According to Feeding America in 2019, 19 percent of children in Palm Beach County were food insecure. That means 52,842 children went to bed hungry.
The COVID-19 pandemic has only made access to food more difficult for struggling families.
The WiseTribe group in Delray Beach is working to fill the gap for children this summer.
“It’s really about well being,” Jacqueline Botting said.
Botting is the founder of the non-profit. Before the COVID-19 pandemic, they were operating a food sustainability program in local schools.
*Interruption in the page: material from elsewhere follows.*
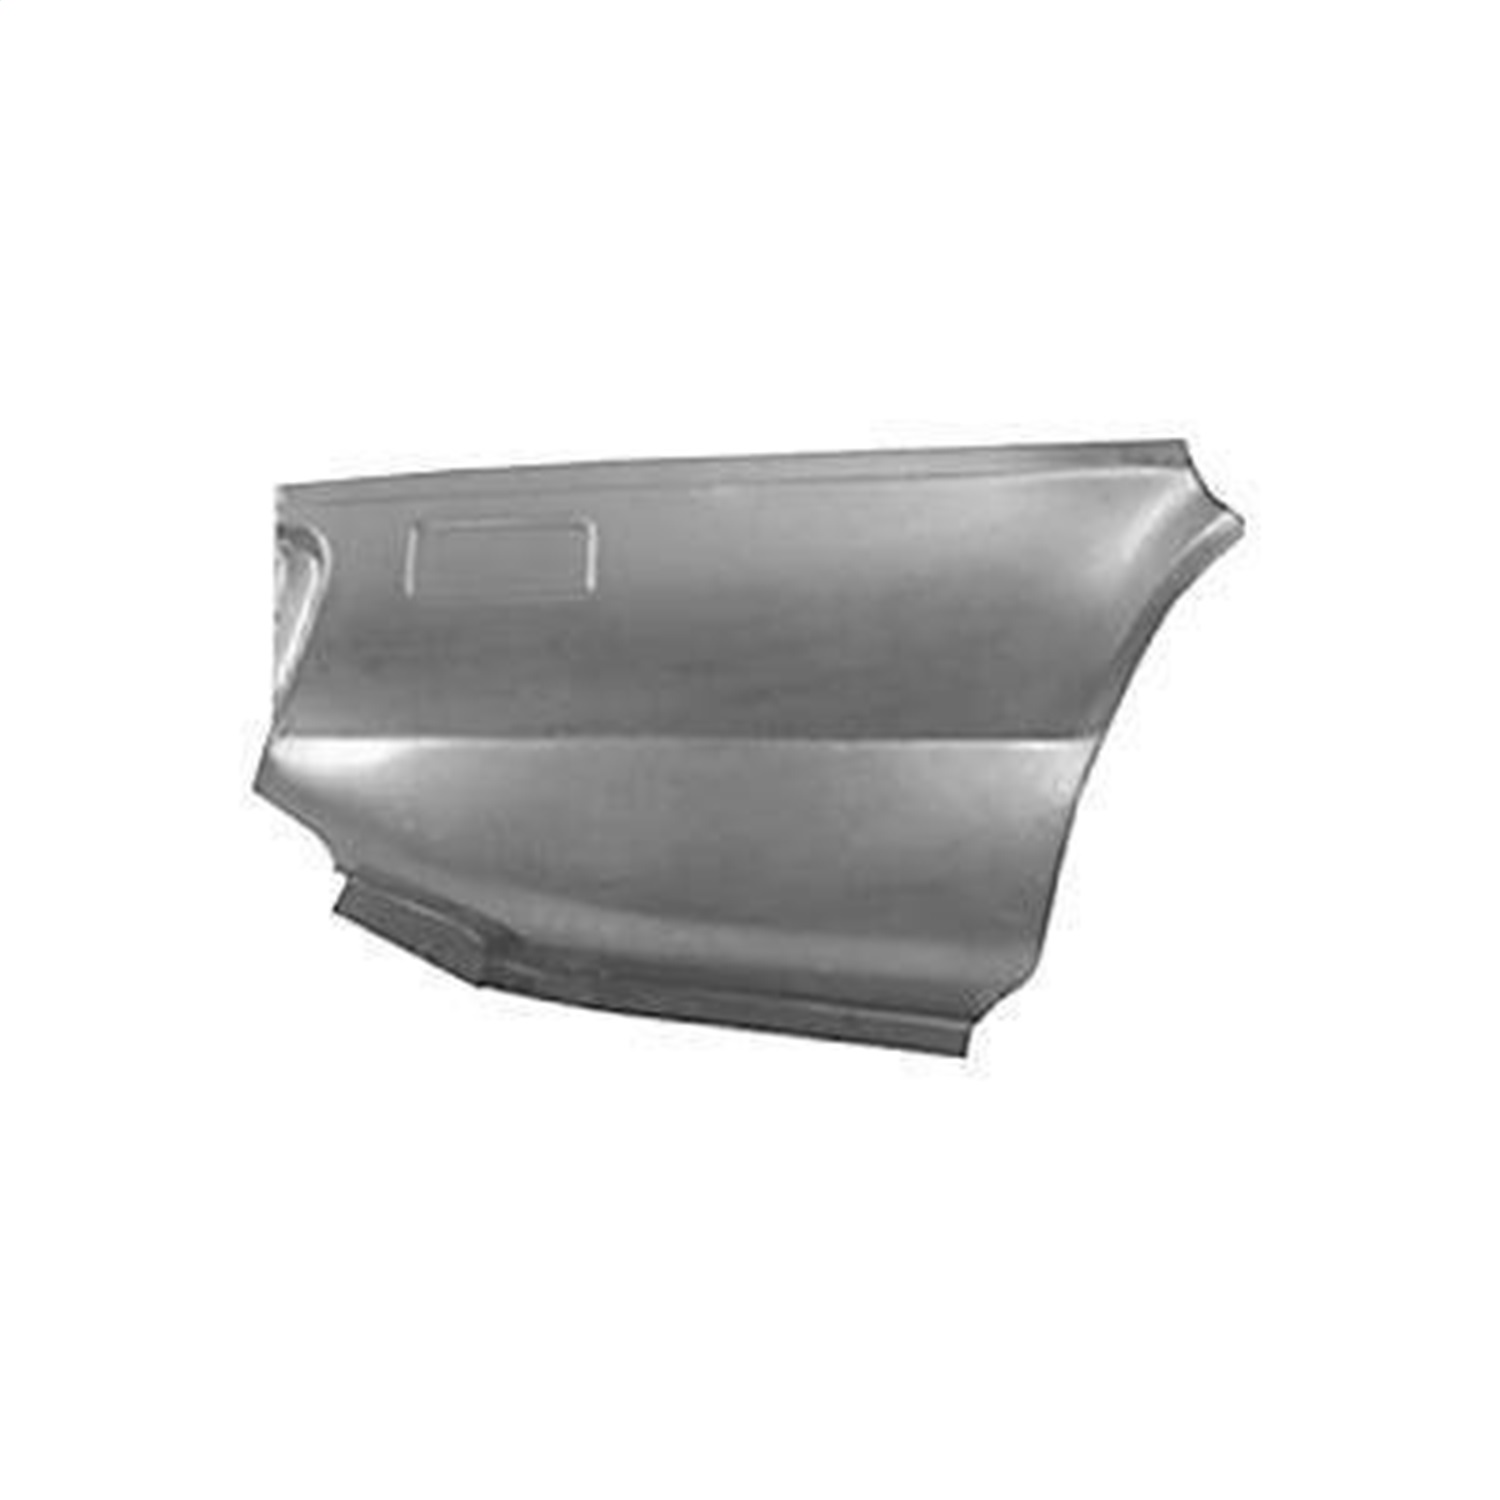 Lower Rear Quarter Panel Section 1971-1973 Ford Mustang

When schools shutdown they decided to change their operations.
“We realized that there was going to be a real impact on the neighborhoods of the schools that we serve and so we basically adopted 40 families,” Botting said.
Botting says it takes a village, at the World of Hummus at Delray Cafe is where they prepare produce boxes for the families.
“So every week we provide them with fresh produce and we check in with them we’ve got like a wellness partner,” Botting said. “So we’re checking in seeing how things are going and really working to develop a relationship with them.”
The Palm Beach County School District will also continue its food service program this summer. The twice-a-week food distributions on Tuesdays and Thursdays will start on June 2. Families can drop by from 9 a.m. to 12 p.m. at 50 schools around the county.
From hot meals to produce the WiseTribe said they won’t be slowing down anytime soon.
“The world is filled with so many inequities that start with our food, so this is really an opportunity to raise awareness,” Botting said.
In Lake Worth Beach, three days a week, the volunteers with Arms are also feeding a need.
“Hot meals, canned goods, whatever we’re able to pick up from our partners,” Patrick Livingston said.
Livingston has fed the community for 8 years— he says the last couple of months have been the most difficult.
“We’ve doubled what we would normally do the reaction has been grateful as well as overwhelming, trying to adapt to this new way of life,” he said.
Livingston says the need got so great they had dropped down to three days a week instead of four.
“Because of the huge demand in food we’ve seen a decrease in that so we are not getting out on Fridays anymore,” Livingston said.
Inside the restaurant volunteers with For the Children are working overtime to prepare meals for those who need it most and they say the need is only growing.
“We want to say thank you to the community partners who are out there behind us to get this done, Healthier Lake Worth, working with the city who has been awesome with us,” Livingston said.
Livingston says it's going to take the community coming together to get through this crisis.
“No question, no question more food is needed,” he said.